◆ Supplied records ◆
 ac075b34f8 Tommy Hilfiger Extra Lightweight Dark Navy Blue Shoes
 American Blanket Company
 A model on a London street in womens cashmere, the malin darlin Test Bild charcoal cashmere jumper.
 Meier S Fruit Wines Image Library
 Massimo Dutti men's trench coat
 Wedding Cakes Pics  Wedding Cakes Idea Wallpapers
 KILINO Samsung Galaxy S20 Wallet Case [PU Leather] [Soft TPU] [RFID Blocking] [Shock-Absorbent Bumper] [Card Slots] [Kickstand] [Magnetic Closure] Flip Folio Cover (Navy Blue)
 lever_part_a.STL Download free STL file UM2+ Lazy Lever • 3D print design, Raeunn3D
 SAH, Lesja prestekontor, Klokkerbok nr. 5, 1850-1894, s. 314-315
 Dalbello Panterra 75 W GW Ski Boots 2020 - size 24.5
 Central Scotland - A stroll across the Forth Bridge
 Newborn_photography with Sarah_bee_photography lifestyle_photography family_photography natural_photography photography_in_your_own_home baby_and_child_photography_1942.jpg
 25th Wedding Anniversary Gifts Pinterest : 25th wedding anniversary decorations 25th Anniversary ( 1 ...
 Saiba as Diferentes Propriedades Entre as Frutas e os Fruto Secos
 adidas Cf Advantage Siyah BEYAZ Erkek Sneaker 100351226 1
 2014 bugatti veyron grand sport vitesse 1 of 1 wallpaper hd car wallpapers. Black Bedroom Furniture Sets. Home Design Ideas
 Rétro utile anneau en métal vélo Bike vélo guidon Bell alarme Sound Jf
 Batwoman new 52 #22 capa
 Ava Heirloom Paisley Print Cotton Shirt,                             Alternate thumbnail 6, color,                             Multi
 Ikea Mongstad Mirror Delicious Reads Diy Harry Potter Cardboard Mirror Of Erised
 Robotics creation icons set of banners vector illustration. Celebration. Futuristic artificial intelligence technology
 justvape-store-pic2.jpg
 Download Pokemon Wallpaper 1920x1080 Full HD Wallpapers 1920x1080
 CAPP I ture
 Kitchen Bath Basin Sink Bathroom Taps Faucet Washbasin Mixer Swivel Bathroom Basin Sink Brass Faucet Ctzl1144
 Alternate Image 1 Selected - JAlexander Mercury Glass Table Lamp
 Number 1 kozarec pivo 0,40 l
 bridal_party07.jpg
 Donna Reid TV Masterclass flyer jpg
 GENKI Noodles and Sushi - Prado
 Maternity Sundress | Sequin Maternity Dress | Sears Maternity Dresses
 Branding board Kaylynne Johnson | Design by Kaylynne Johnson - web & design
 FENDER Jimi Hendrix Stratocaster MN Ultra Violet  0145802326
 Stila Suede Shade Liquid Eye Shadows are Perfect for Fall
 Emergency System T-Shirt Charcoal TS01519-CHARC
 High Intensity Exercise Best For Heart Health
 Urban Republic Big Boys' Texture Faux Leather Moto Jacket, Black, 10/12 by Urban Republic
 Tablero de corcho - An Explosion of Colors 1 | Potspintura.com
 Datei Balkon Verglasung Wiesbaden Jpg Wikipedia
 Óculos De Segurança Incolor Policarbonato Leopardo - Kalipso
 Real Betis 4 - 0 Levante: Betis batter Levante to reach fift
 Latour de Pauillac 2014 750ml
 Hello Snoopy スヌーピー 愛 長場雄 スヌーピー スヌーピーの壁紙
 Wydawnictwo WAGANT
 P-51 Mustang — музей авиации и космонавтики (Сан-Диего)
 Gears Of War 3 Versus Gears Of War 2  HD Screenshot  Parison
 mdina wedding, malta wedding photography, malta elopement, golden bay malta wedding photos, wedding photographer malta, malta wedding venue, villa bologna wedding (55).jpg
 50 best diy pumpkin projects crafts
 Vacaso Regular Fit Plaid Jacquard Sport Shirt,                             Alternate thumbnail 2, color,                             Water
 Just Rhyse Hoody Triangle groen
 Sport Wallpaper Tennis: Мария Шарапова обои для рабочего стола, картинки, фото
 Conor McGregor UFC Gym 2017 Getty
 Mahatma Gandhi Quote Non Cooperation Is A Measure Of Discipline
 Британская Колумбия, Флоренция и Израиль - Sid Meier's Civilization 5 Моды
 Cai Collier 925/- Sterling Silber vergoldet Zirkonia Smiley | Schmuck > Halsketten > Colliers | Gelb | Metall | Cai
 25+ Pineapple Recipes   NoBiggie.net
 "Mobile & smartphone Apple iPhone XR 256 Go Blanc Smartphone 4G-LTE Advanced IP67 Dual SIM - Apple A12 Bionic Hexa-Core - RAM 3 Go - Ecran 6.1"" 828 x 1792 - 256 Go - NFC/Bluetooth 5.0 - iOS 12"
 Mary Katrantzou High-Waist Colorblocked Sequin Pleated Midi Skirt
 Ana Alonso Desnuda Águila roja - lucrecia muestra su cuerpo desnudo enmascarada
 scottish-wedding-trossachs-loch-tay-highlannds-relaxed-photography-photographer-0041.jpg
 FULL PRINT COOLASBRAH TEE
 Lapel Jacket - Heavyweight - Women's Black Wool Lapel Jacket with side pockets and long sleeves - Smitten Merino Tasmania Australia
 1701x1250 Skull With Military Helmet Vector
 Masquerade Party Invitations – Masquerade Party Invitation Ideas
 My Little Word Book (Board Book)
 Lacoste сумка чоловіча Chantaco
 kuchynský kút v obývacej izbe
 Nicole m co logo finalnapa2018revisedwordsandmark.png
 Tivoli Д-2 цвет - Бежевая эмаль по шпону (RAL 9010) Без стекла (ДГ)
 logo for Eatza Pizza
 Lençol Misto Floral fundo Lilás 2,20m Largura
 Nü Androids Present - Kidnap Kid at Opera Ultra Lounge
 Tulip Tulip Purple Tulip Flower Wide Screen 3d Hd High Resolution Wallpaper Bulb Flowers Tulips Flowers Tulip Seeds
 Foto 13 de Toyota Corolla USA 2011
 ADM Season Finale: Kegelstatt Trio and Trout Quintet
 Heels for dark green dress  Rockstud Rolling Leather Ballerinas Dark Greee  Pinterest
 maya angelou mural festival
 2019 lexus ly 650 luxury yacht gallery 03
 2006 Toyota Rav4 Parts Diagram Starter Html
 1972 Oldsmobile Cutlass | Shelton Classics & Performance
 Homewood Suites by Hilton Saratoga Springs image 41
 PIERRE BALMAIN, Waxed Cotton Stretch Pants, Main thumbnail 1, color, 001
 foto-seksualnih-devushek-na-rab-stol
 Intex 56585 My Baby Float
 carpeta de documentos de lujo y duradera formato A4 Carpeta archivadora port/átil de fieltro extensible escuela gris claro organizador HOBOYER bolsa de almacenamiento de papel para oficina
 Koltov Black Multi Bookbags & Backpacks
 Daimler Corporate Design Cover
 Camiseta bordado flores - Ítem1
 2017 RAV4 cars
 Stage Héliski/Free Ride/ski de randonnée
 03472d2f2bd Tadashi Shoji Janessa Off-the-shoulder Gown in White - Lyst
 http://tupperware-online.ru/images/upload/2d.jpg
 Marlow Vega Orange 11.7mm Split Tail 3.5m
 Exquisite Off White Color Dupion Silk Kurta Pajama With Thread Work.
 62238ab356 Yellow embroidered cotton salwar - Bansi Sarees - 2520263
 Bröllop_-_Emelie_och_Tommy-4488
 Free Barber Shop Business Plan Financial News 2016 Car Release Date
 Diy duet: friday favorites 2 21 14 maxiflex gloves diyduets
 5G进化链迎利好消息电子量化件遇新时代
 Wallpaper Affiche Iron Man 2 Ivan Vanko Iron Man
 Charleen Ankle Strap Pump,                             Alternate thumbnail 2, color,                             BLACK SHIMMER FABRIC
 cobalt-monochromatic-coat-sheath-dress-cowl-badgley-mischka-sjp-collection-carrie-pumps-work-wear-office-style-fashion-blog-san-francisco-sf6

◆ Task brief ◆
Everything before the line containing "Bröllop_-_Emelie_och_Tommy-4488" stays out. Write out that line and the rest of the entries exactly.

◆ Solution to the problem ◆
 Bröllop_-_Emelie_och_Tommy-4488
 Free Barber Shop Business Plan Financial News 2016 Car Release Date
 Diy duet: friday favorites 2 21 14 maxiflex gloves diyduets
 5G进化链迎利好消息电子量化件遇新时代
 Wallpaper Affiche Iron Man 2 Ivan Vanko Iron Man
 Charleen Ankle Strap Pump,                             Alternate thumbnail 2, color,                             BLACK SHIMMER FABRIC
 cobalt-monochromatic-coat-sheath-dress-cowl-badgley-mischka-sjp-collection-carrie-pumps-work-wear-office-style-fashion-blog-san-francisco-sf6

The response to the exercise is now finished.